This course is offered by the Spreadsheet Research team at the Delft University, and therefore is targeted at covering the topics required to help students design better spreadsheets in the future. As reiterated various times throughout the course: “The average lifespan of a spreadsheet is 5 years, during which time it is used by 12 different people” – thus emphasising the requirement not only for accurate spreadsheet design but also for the detection of errors should they arise when the spreadsheet is used by individuals other than the one who designed it.
Introduction to Data Analysis: Take It to the MAX()
WHY?
The topic of spreadsheets is an extremely interesting one, nearly everyone who uses a computer these days uses spreadsheets in one way or another, yet in the MOOC world courses which touch on spreadsheet design and use are much rarer than those offered for the various programming languages, despite the fact that a smaller subset of computer users today write their own programs.

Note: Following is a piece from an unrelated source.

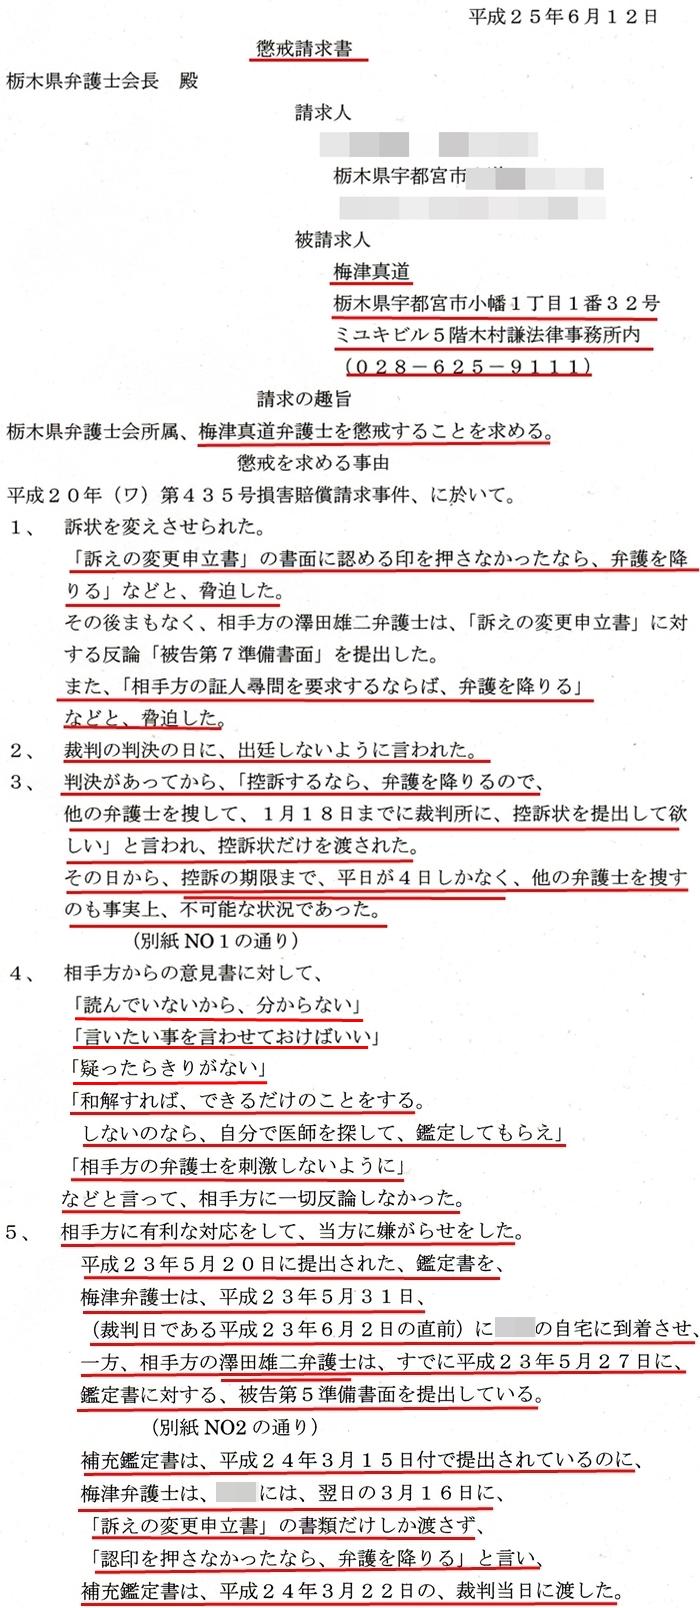 梅津真道・木村謙弁護士・澤田雄二-vert
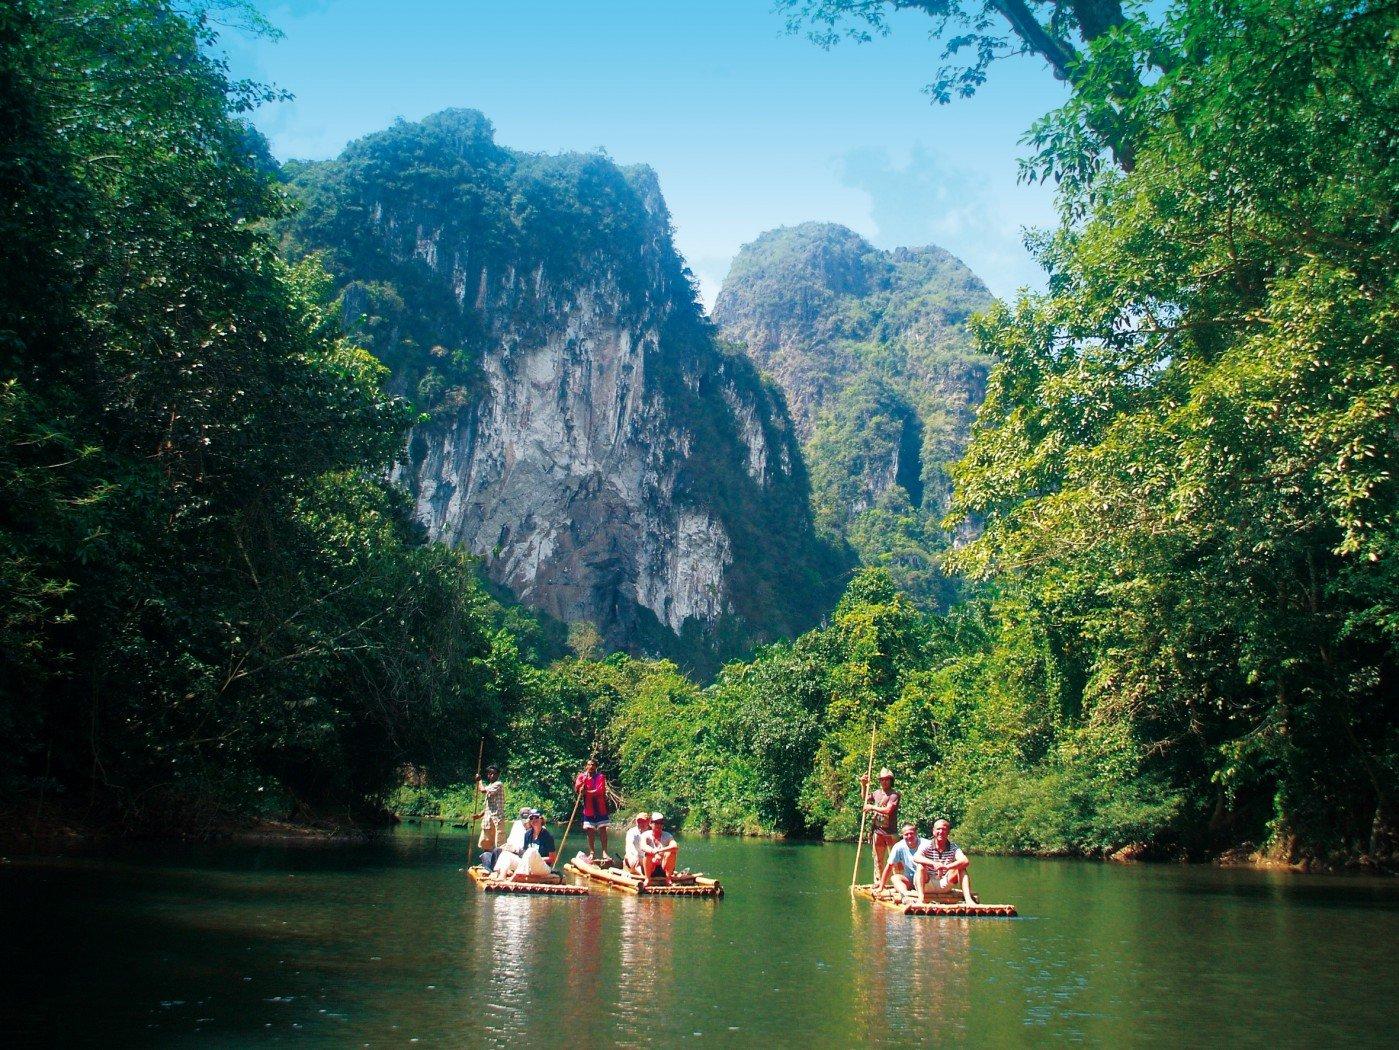 Национальный парк Као-Сок. Сезон 2019-2020

This could be because spreadsheets have traditionally been seen, and indeed this is the way I had previously viewed them, as a fairly self-explanatory tool rather than one which requires instruction in order to operate. Interestingly as well, this course was not targeting individuals who had no knowledge of spreadsheet use at all, as their prerequisites involved being familiar with a spreadsheet environment (although familiarity in this respect refers to using fairly basic tasks, as the example given was the ability to use the SUM function in Excel).
As a bioinformatics student, often the tasks which I need to complete require the use of more specialised software or programming tools in order to solve, but spreadsheets remain an effective way of carrying out simple calculations and data analysis. The universality of spreadsheets in various fields has not been diminished by the development of more specialised tools, which are often field-specific or even problem specific. Despite being fairly comfortable with the use of spreadsheets for my own purposes, I was interested to see what sorts of skills would be taught in this course, and to see how these could be incorporated into better spreadsheet design for the future.
I was also interested in one of the items on the syllabus, the integration of Python (my favourite programming language) with spreadsheets (the software which I most frequently use to share data analysis with family and colleagues) and I was interested to learn how the versatility of Python could be applied to further improve spreadsheet use.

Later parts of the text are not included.